Подводя итоги своего исследования, автор отмечает, что идеологические кампании послевоенных лет нельзя рассматривать как простое вмешательство партийного руководства в деятельность учёных, поскольку советская историческая наука к тому моменту составляла уже неотъемлемую часть сталинской политической системы. В то же время наряду с многочисленными механизмами идеологического контроля, выстроенными в предшествующие годы, продолжали функционировать разнообразные структуры и традиции, специфические для мира науки. Это позволяло учёным сохранять определённую автономию: не только они вынуждены были подстраиваться под «руководящие указания» партии, но и партийной верхушке приходилось учитывать специфику научного сообщества. Именно с этим автор связывает возникновение изучаемого феномена идеологических кампаний, «которые должны были нагнетать обстановку, запуская очередной виток идеологической мобилизации» (с. 375). В подобных условиях способность учёных сопротивляться идеологическому нажиму определялась ситуацией в каждой конкретной дисциплине. Податливость исторической науки, готовность многих её представителей к активному участию в проработках, оказавшуюся, по некоторым свидетельствам, неожиданностью для самих организаторов, автор объясняет прежде всего значительной неоднородностью исторического «цеха», обусловившей его высокую внутреннюю конфликтность. В случаях, когда историки проявляли солидарность и оказывали сопротивление идеологическому нажиму, эффект от погромов заметно снижался. Автор оговаривается, что эти соображения не снимают вину за организацию описанных кампаний с партийного руководства, поскольку именно оно создало систему, в которой подобные явления оказались возможными, и именно его представители выступали в роли инициаторов идеологических проработок.

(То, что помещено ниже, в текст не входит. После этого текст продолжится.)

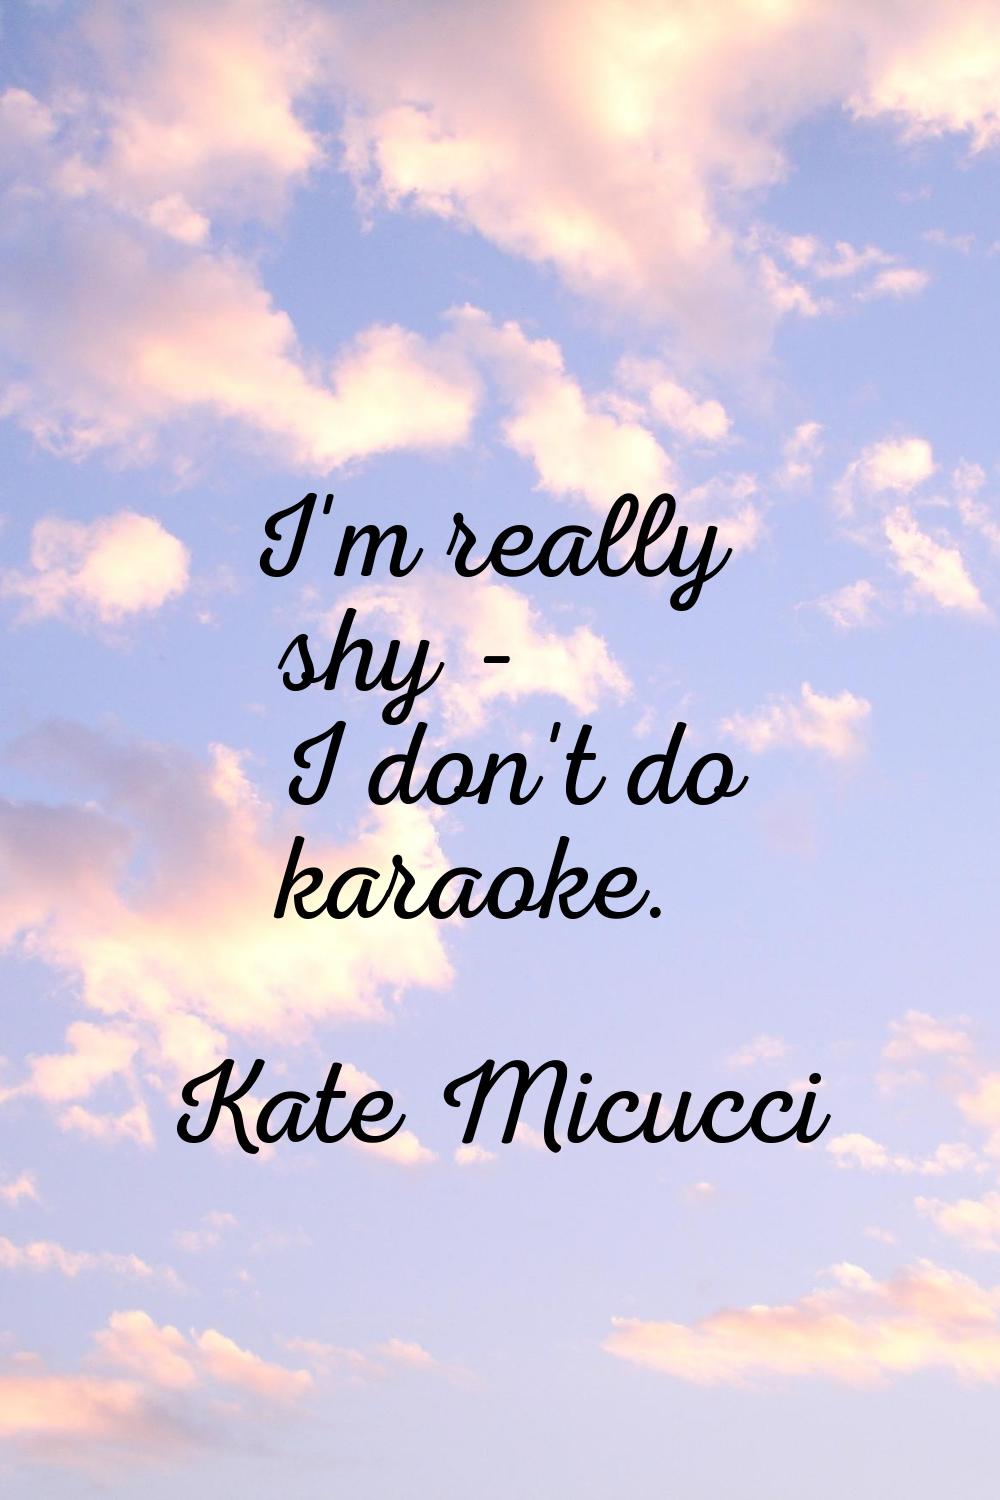 I'm really shy - I don't do karaoke.

В книге подчёркивается также важное значение описываемых событий для последующего развития советской исторической науки: «Этот период следует рассматривать как время окончательного утверждения советской (во многом — сталинской) концепции мировой истории. Именно тогда были окончательно сформулированы и закреплены фундаментальные методологические и методические основы советского подхода к изучению истории. Многие теории, выработанные в условиях прямого влияния идеологических кампаний, прочно вошли, пусть и в видоизменённой форме, в официальный советский исторический нарратив. Слегка подправленными их можно было обнаружить в обобщающих трудах, монографиях и учебниках вплоть до распада СССР и даже позже» (с. 376–377).
Опубликовано в реферативном журнале: Социальные и гуманитарные науки. Отечественная и зарубежная литература. Сер. 5, История. 2018. № 2. С. 144–150.